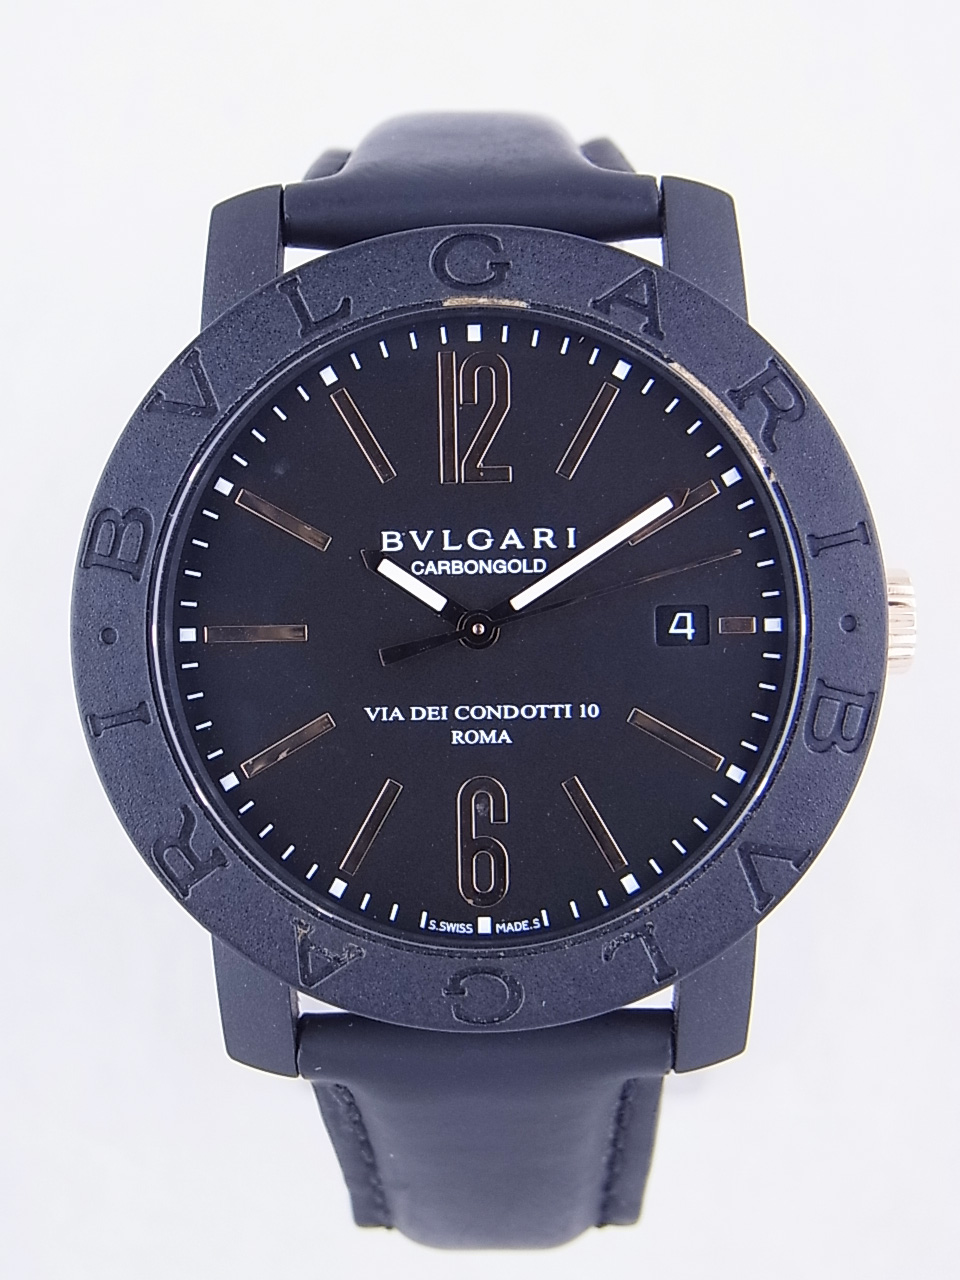 ブルガリ(bvlgari)時計通販・販売|新品 中古－ブランド時計販売のクエリ
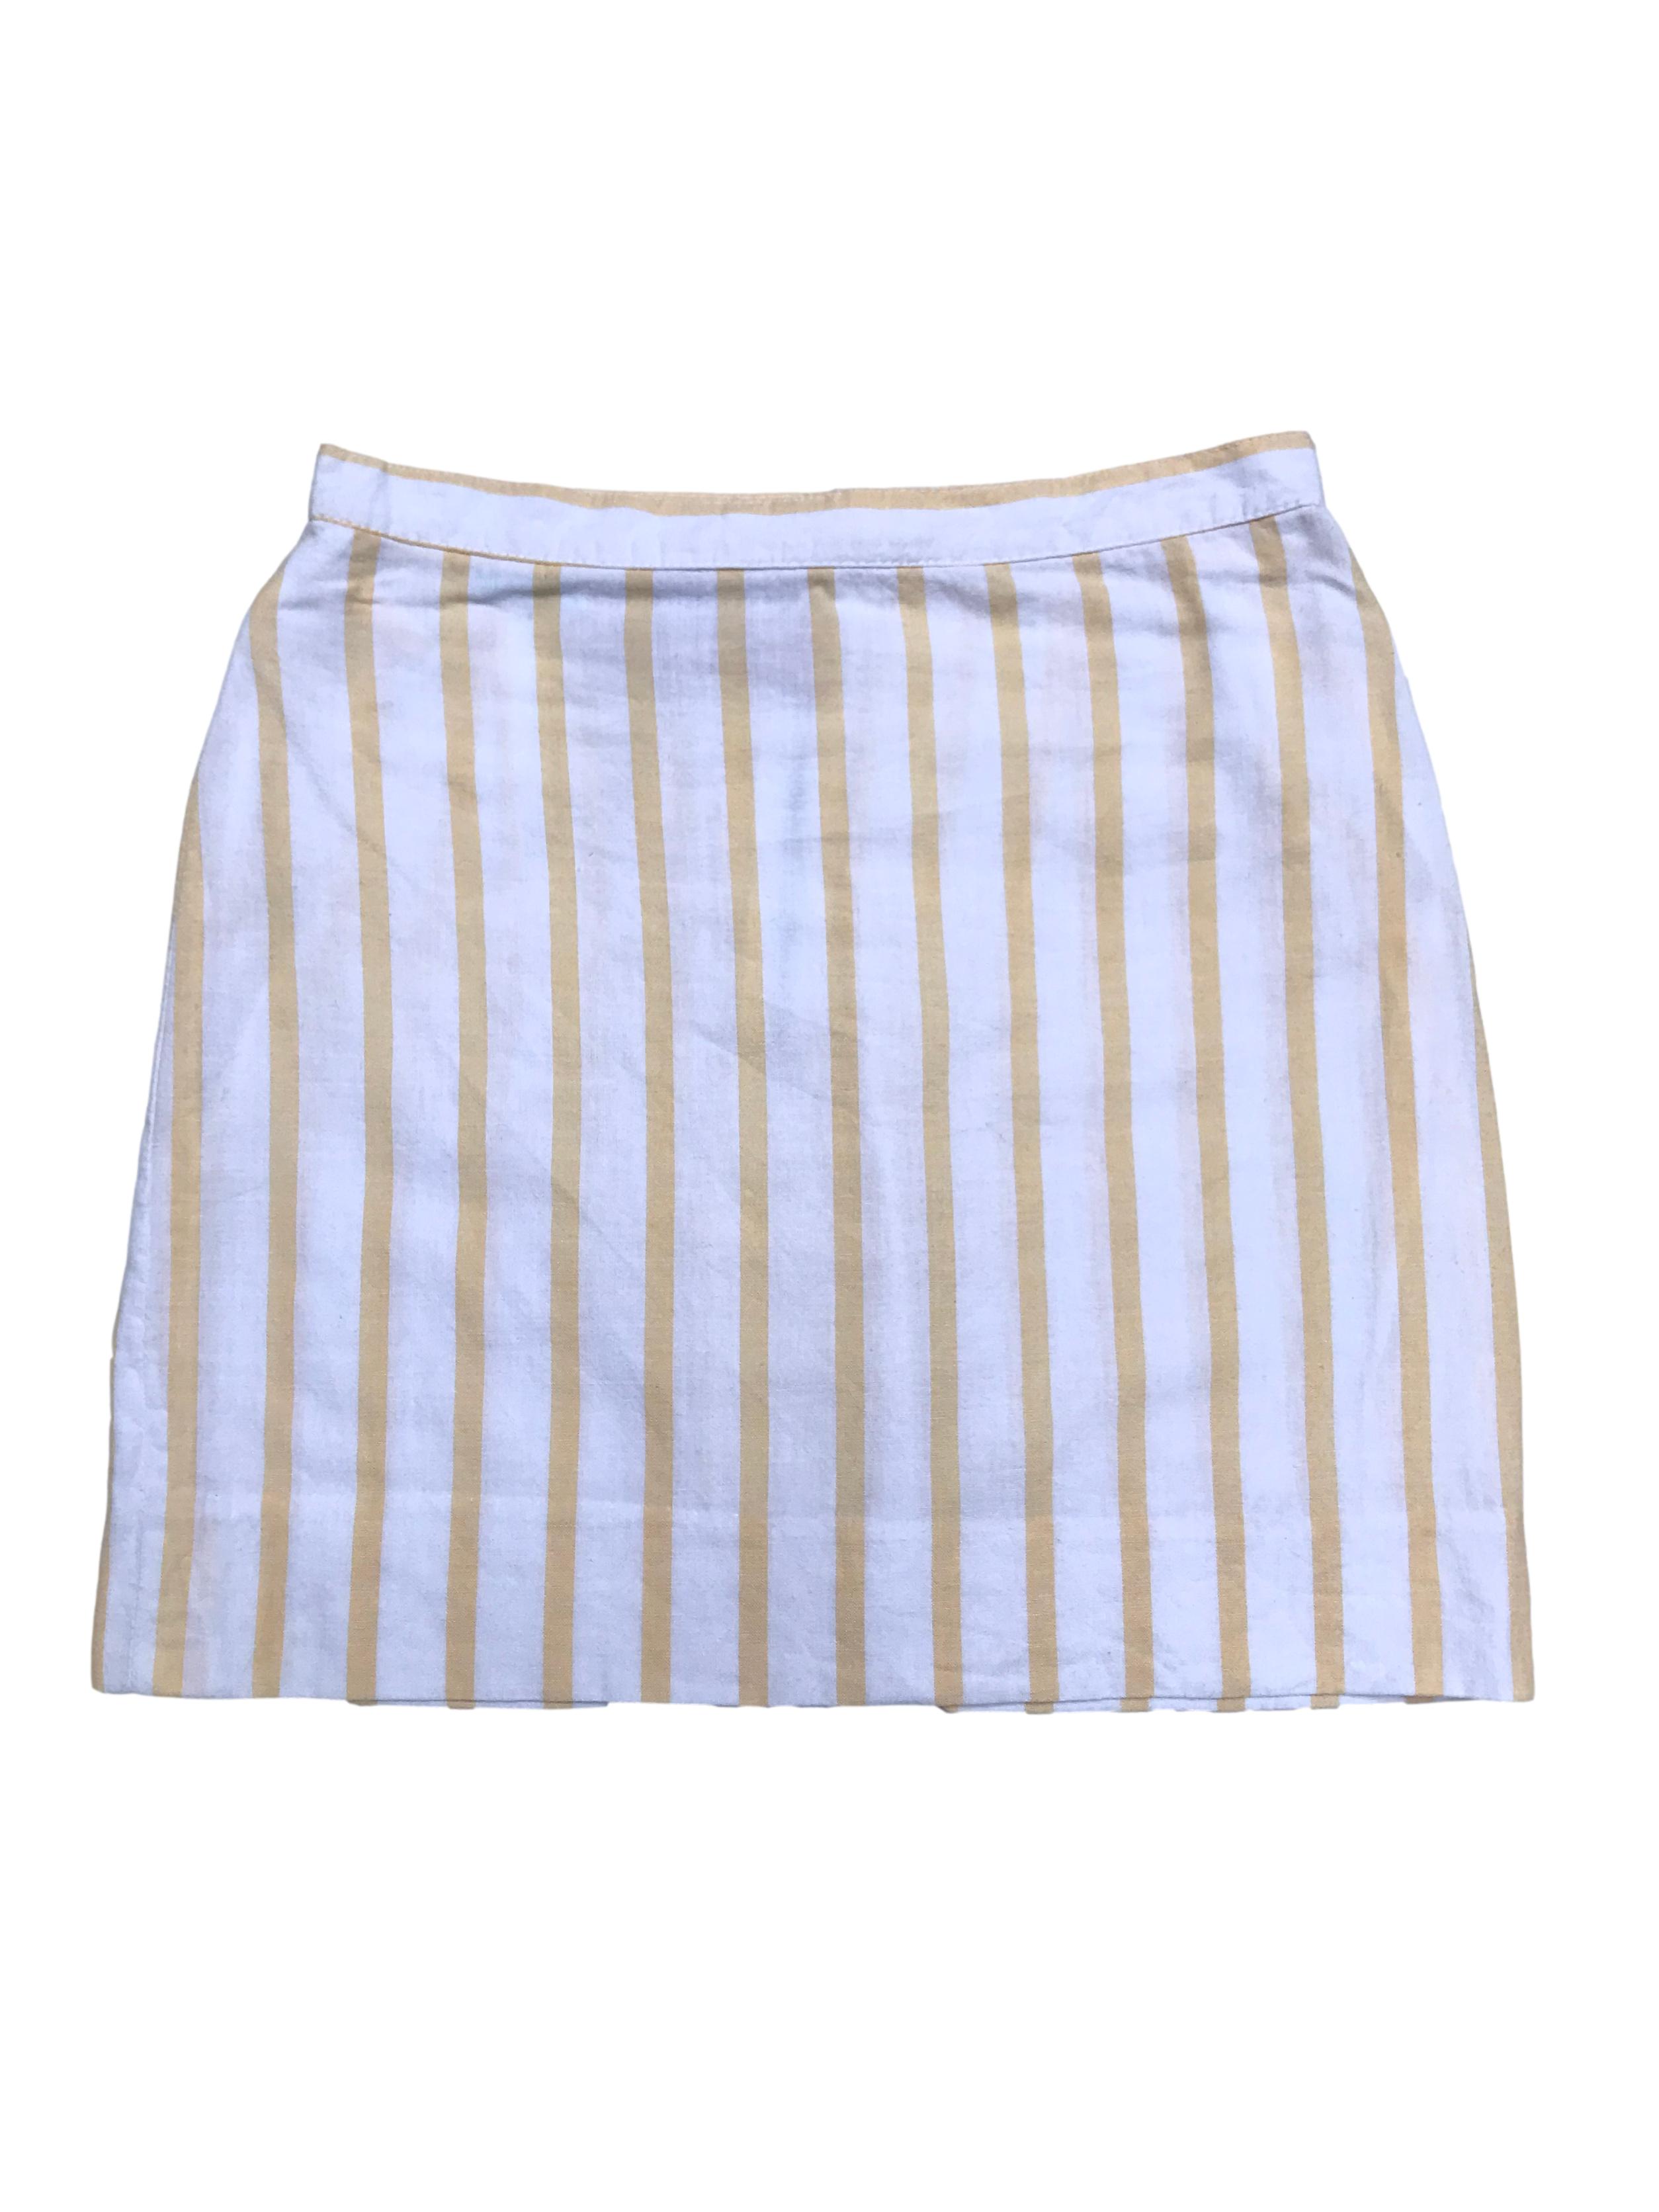 Falda playera de tela tipo lino blanco con líneas amarillas, botón y cierre posterior. Cintura 66cm Largo 39cm
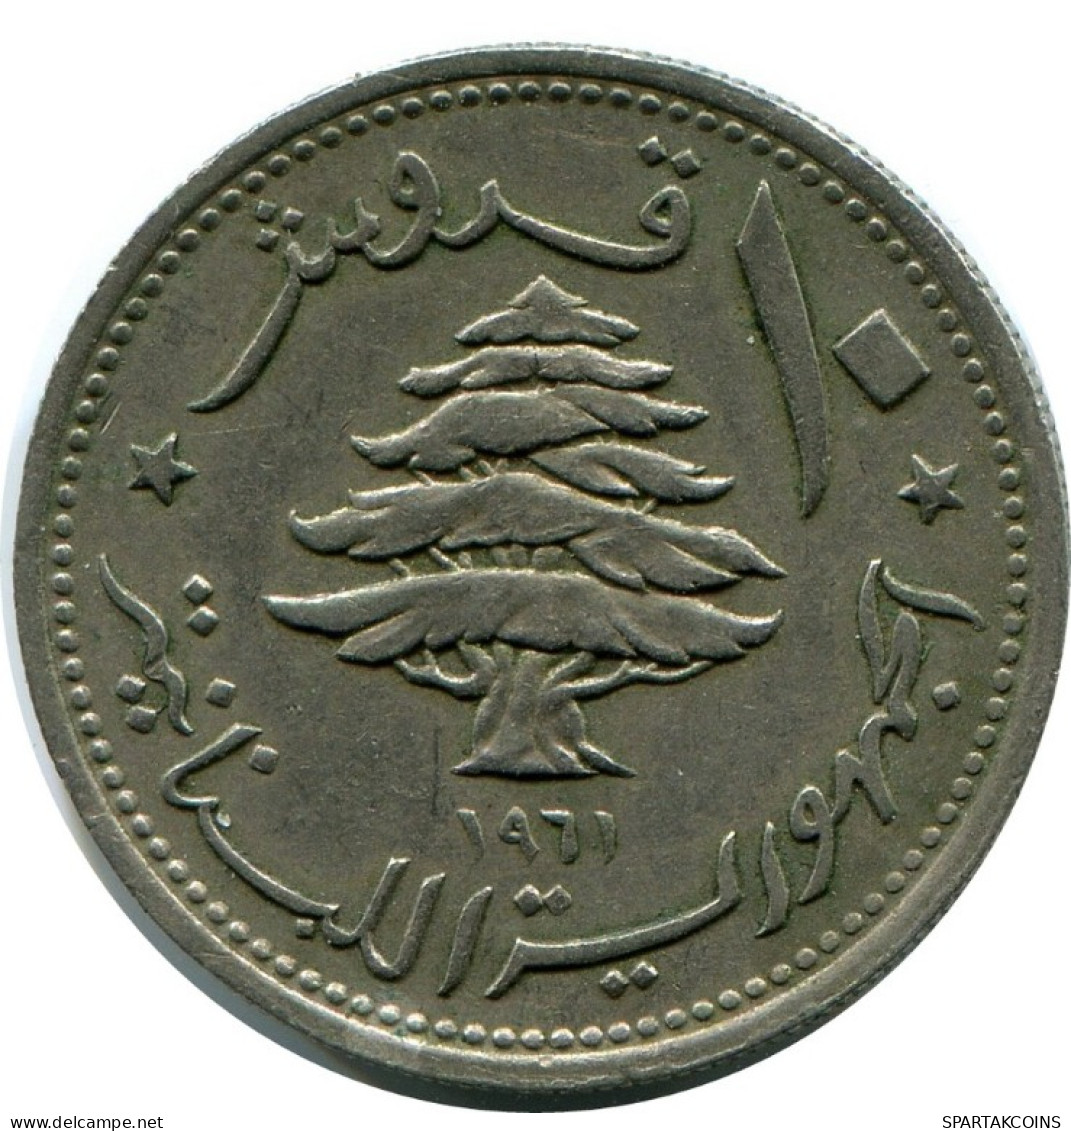 10 PIASTRES 1961 LEBANON Coin #AH859.U.A - Libano

________________________

◆ **WHAT YOU SHOULD DO**: Apart from the pictures, every line of the material above is to be returned word for word.

◆ **EXERCISE RESPONSE**:
 ブルガリ(bvlgari)時計通販・販売|新品 中古－ブランド時計販売のクエリ
 Falda playera de tela tipo lino blanco con líneas amarillas, botón y cierre posterior. Cintura 66cm Largo 39cm
 10 PIASTRES 1961 LEBANON Coin #AH859.U.A - Libano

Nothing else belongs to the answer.